Передо мной стоит человек, замотанный в шарфы, кофты и пледы; в растянутых рукавах прячутся длинные кисти рук. Из глубины этого вороха одежды торчит один только нос, действительно длинный.
— А, это ты, — чуть слышным голосом говорит он, — заходи.
Он поднимает на меня глаза и сразу же опускает их. Очень тёмные глаза — и очень уставшие.
Как-то я совсем иначе представлял его себе.
Он идёт вверх по лестнице, не оглядывается. Еле переставляет ноги, как старик.
Я иду за ним, и вот — да, на третьем этаже, где и моя мастерская, — вижу пианино. Маленькое чёрное пианино, совсем не страшное на вид. Рядом с ним, прямо на полу, — стопки нот, ворох одеял и тёплой одежды.
Кипит чайник, сосед плещет кипяток в две чашки, одну протягивает мне:
— Почти не греет, но как есть.
Я беру чашку и нечаянно касаюсь его руки. Ледяные пальцы. Да, вода остывает почти мгновенно. Он накидывает ещё один плед прямо на голову, кутается, греет руки о чашку — но она и правда уже почти ледяная.
— Никогда бы не подумал, что ты тоже мёрзнешь, — говорю я наконец.
— Тебе казалось, я железный? — усмехается он.
— Тогда зачем? Объясни — зачем ты это делаешь?!
Он кивает за окно.
Я смотрю — и вижу двор, полный детей и собак; на рябине сидят снегири и свиристели. На большой ёлке сияют огни и игрушки… кажется, там есть и мой шар.
— Людям нужен праздник, — говорит он. — А зимы всё не было. Что же теперь…
Я смотрю. Да, зимы всё не было. Неужели это всё сделал он? Сам, своими руками?
— Но как? — спрашиваю я. — Как это возможно, как ты это делаешь?
Его губы складываются в подобие улыбки.
— Это ты спрашиваешь меня как?! Человек, который топит снег своей кисточкой? Который греет мне стену безо всякой печки?.. Сплю возле твоей стены, только этим и спасаюсь. Пианино жаль, расстроилось вконец — температура скачет.
Значит, всё правда. Он делает людям праздник… а я разрушаю его. Так?
— Может, уже достаточно снега? Хватит?
— Если не играть — всё растает, — качает он головой. — Да ещё ты… Люди только залили каток, и что же я — оставлю им лысую землю в лужах?..

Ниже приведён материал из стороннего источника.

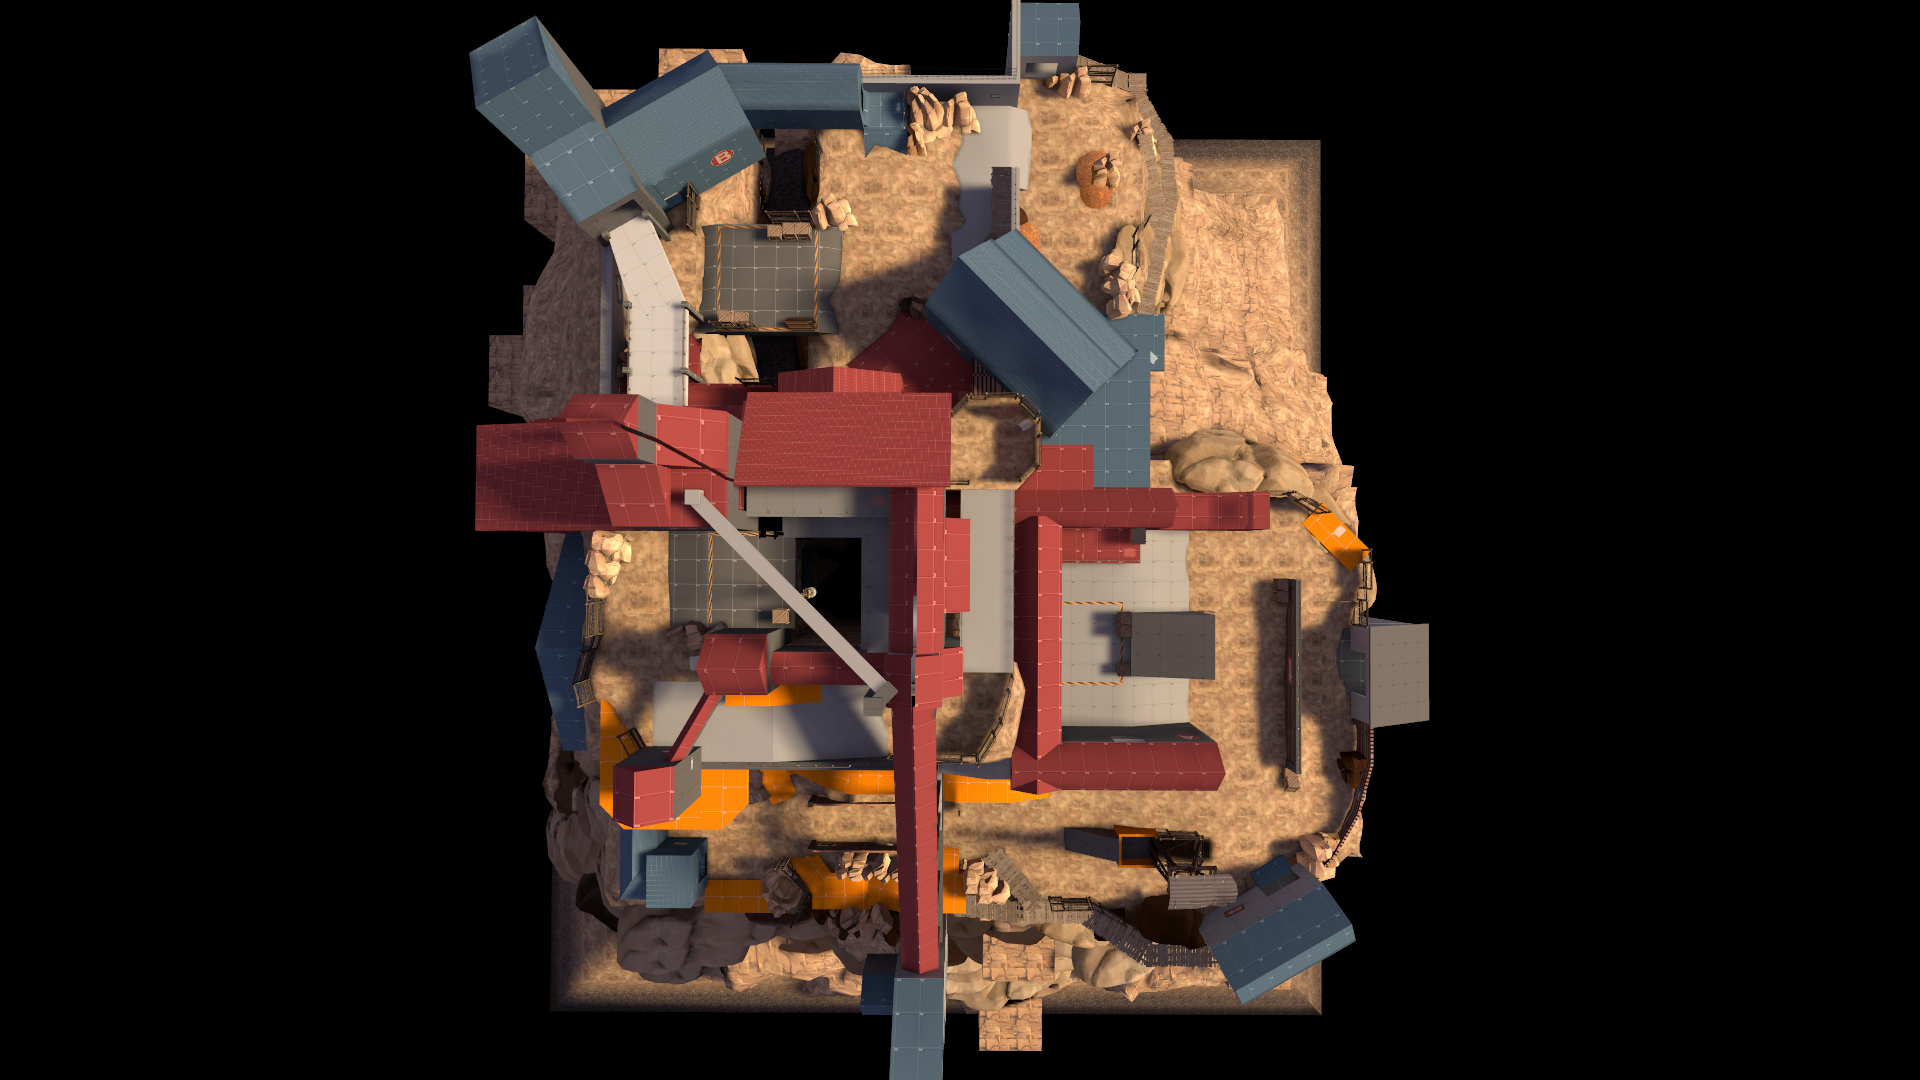 Team Fortress 2 Screenshot 2020.01.17 - 21.40.01.61.png

— Но ведь люди после катка идут домой, — говорю я. — Идут домой, топят там камин, едят горячую картошку, пьют горячее. У них там тепло! И праздник!
— У них — да, — говорит он. — Ничего, ничего. Скоро начнётся зима, настоящая, — придут холода, и мы с тобой тоже затопим печку и сможем согреться.
— Ты очень мёрзнешь? — спрашиваю его я.
— Ничего, привык. Только руки. Вот — пытаюсь греть чаем… не очень-то помогает.
Я смотрю на его пальцы — они скрючиваются от холода. Как же он играет?..
— Послушай, но ведь раньше такого не было! Ты играл и весной, и летом. И было тепло, никакого снега… Почему сейчас — так? Как ты этому научился?
— А ты? Почему твои шары научились топить снег?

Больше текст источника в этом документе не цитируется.